A 22' span with only a 2x6 sandwiched between 2 pieces of 3/4" plywood?

The ones I saw had 2x4's laid flat and sandwiched in between the top and bottom edge of plywood. The depth of the plywood varied according to the span.

Other ones that I saw had an internal frame similar to trusses made out of 2x4's.

They looked really strong.

It looks like a person could make beams out of 2 pieces of 3/4" plywood with the edges set into a groove cut into a 2x4. Again the depth of the plywood could be adjusted according to the span.


----------



## TnAndy

fishhead said:


> A 22' span with only a 2x6 sandwiched between 2 pieces of 3/4" plywood?


Read what I said again, Fish.

FLOOR TRUSS.....not a "2x6 sandwiched between 2 pieces of 3/4" plywood"


Like this, only LOT more heavy duty.....2x6, 3/4 plywood on both sides, glued, nailed, and 20" tall with a 2x10 glued/nailed to the bottom for a ledger to hold the 2x10 joists above it.










Making your own I joists ( 2x4 with plywood web) might be sorta "iffy"....lot of engineering goes into them......look at the end, the OSB/plywood they use is set in a slightly dovetailed slot in the 2x3 top/bottom on the ones I've seen.....plus I think they use one continuous pc of OSB in the web.


----------



## fishhead

Thanks.


----------



## wharton

I've done this for headers, and it's nice because it leaves a great big void to insulate.
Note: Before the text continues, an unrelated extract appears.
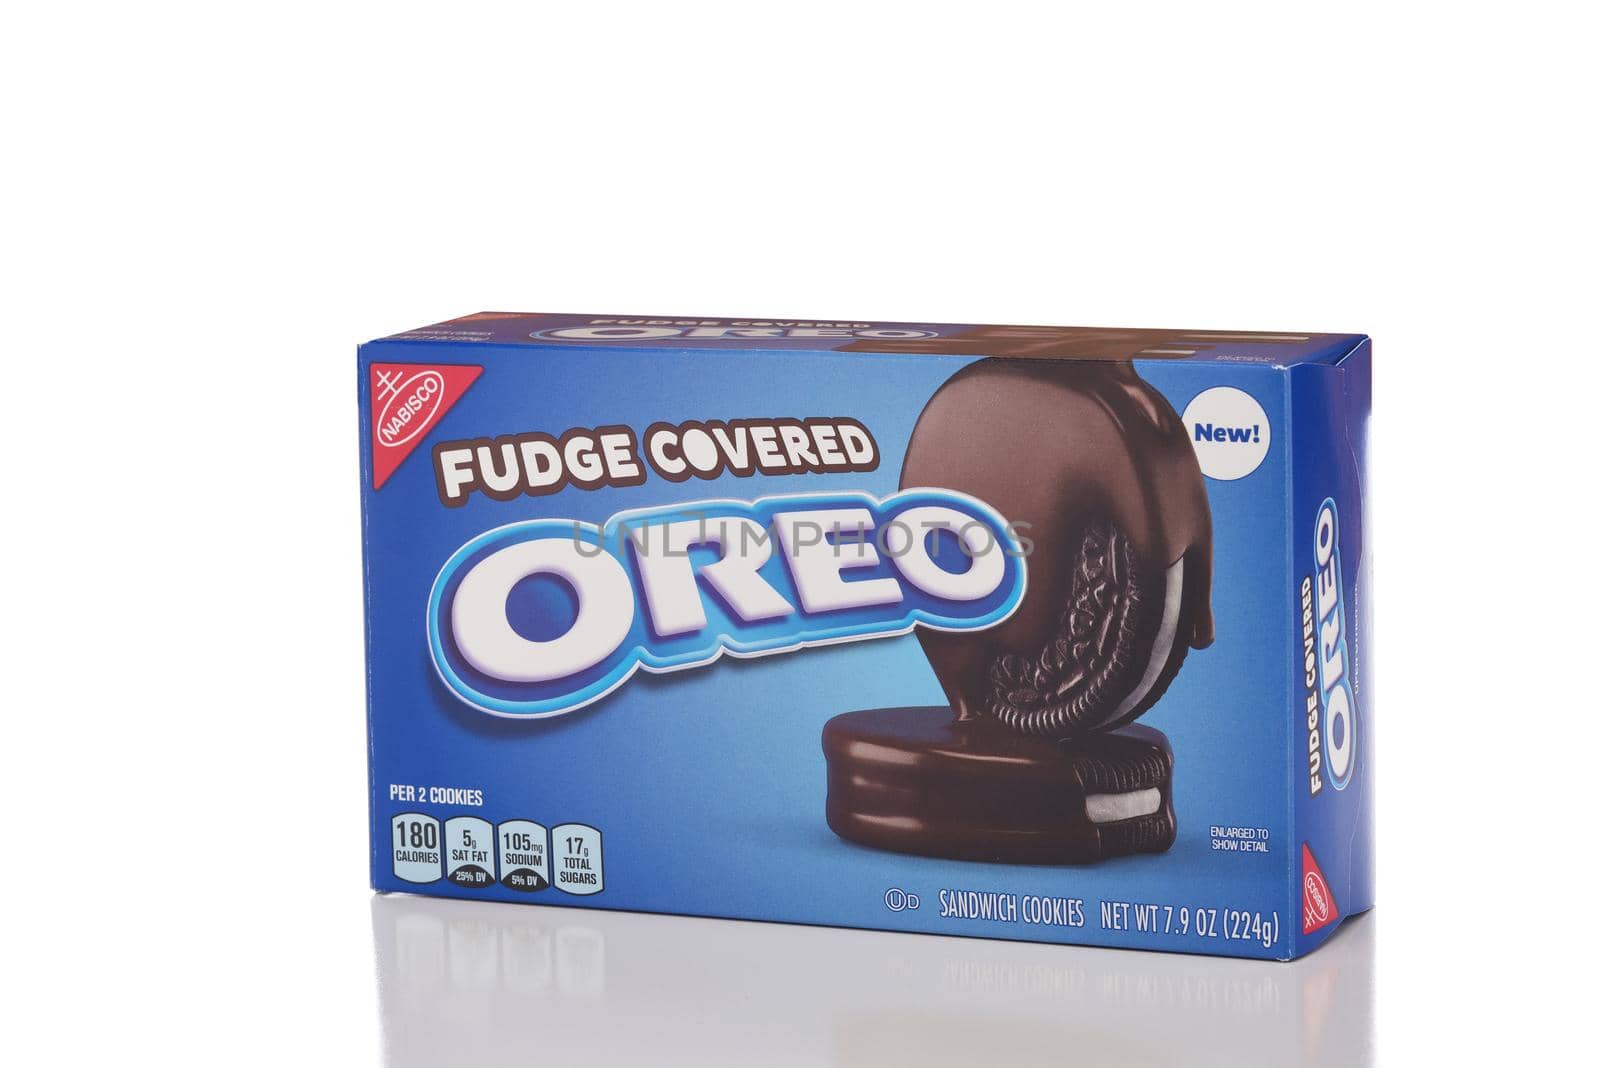 A package of Nabisco Fudge Covered Oreo cookies.  by sCukrov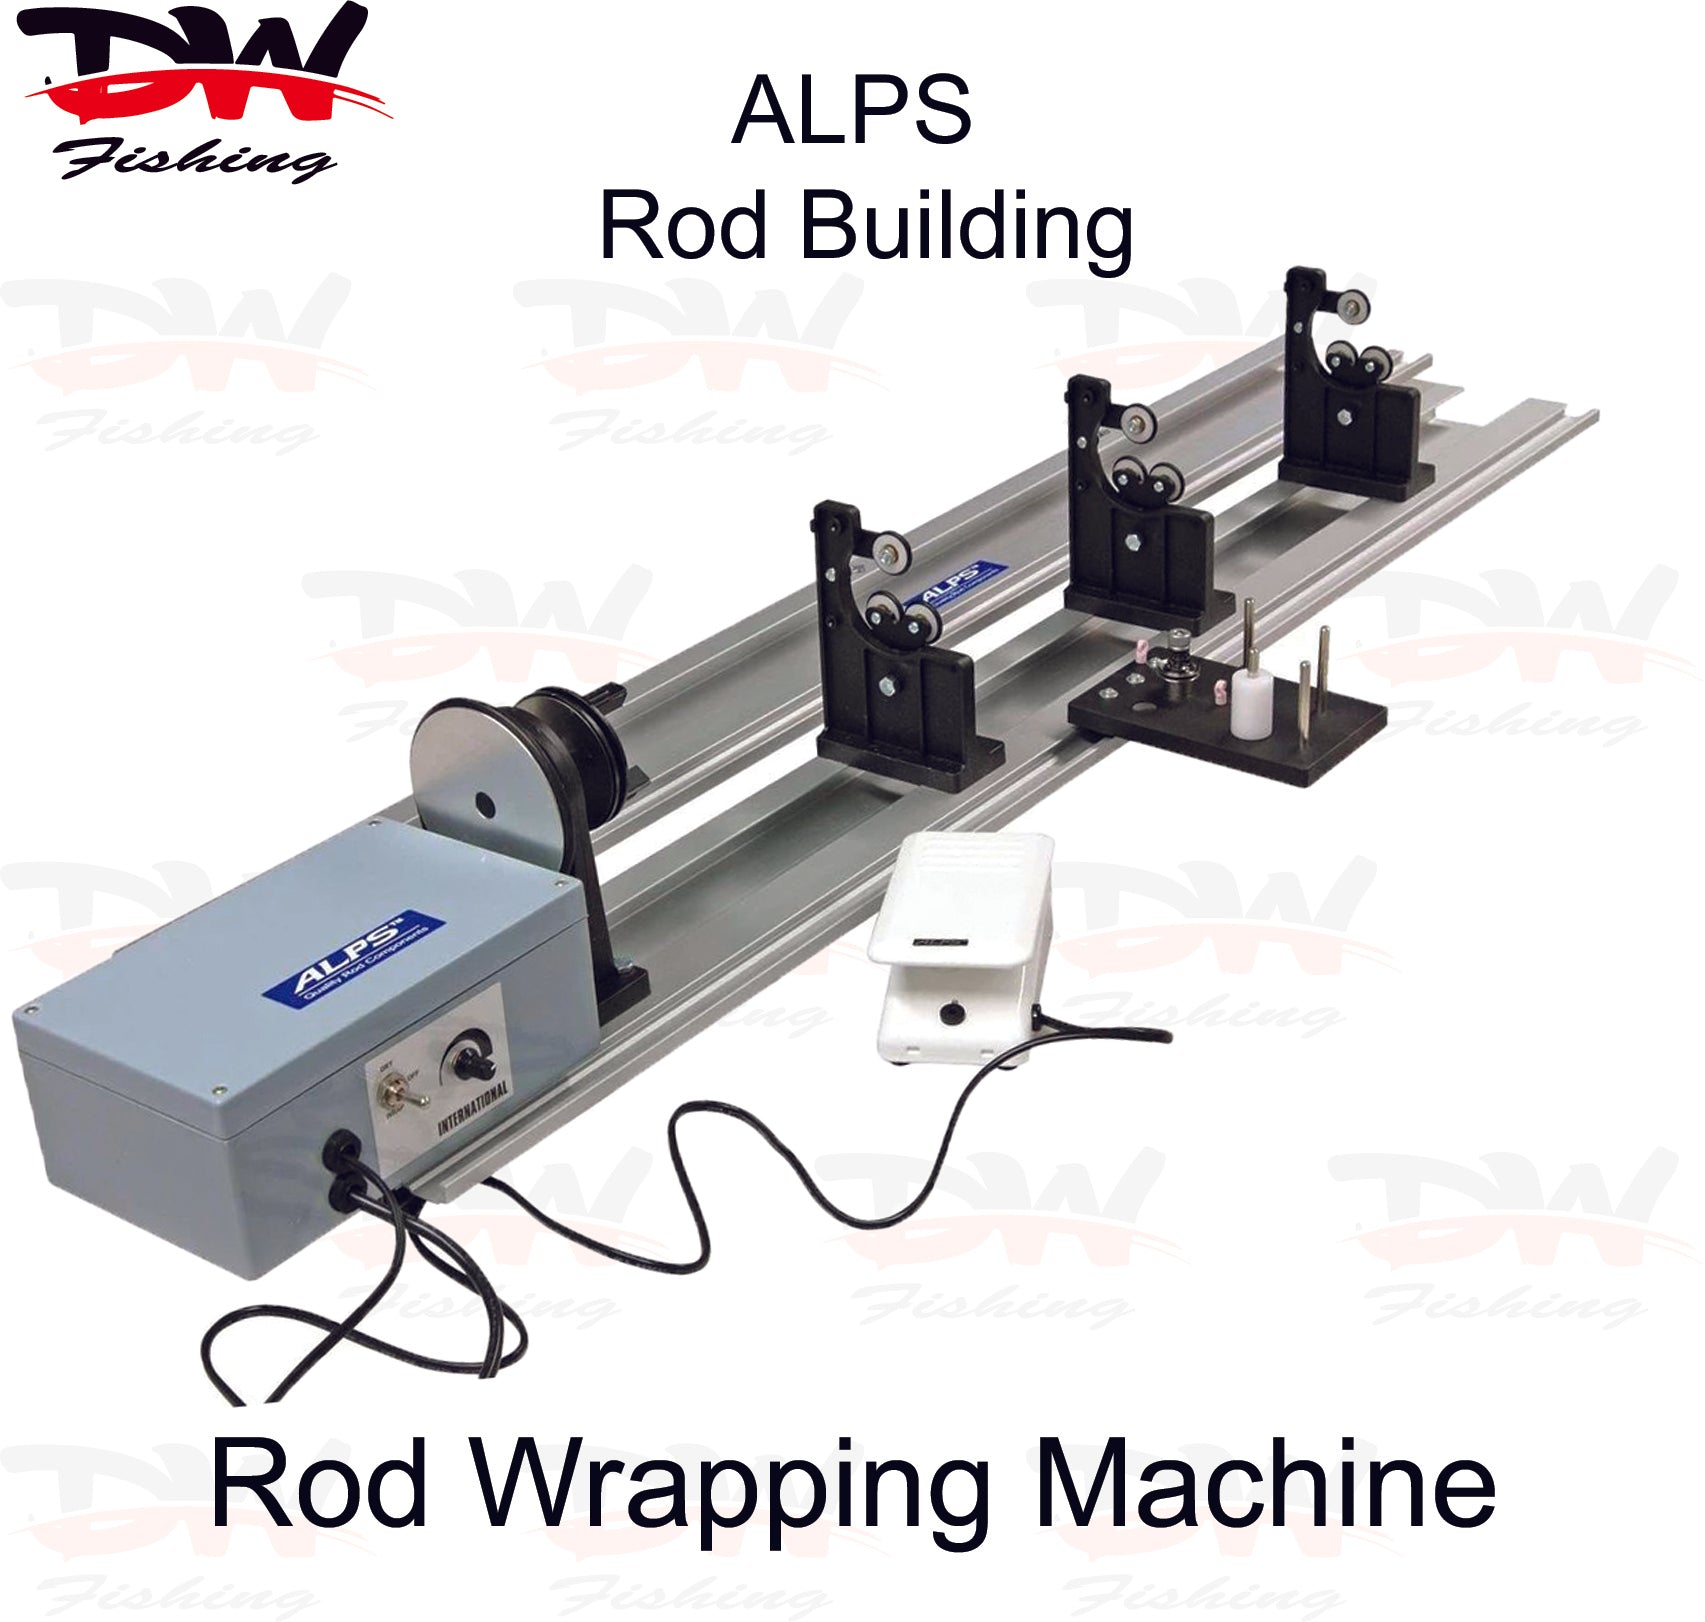 ALPS Rod Support Stand Top Wheel and Spring Assembly - RWM TW

Now that we are controlled by the nanny state, and have to adhere to the IRC code to build anything in these parts, most box beams are out of the question, unless designed and stamped by an engineer. The header idea is an exception, as the code lists detailed instructions for creating a box headers out of 1/2 plywood. On thing that surprises my framers on occasion is that adhesives applied in the field are not counted as structural by inspectors. Too many variations and possibilities for misapplication. As for beams in general, once Laminated Veneer Lumber became widely available, I pretty much stopped bothering with steel, box beams, or Glu-lams. LVL is cost effective, light for it's strength, and ridiculously strong.


----------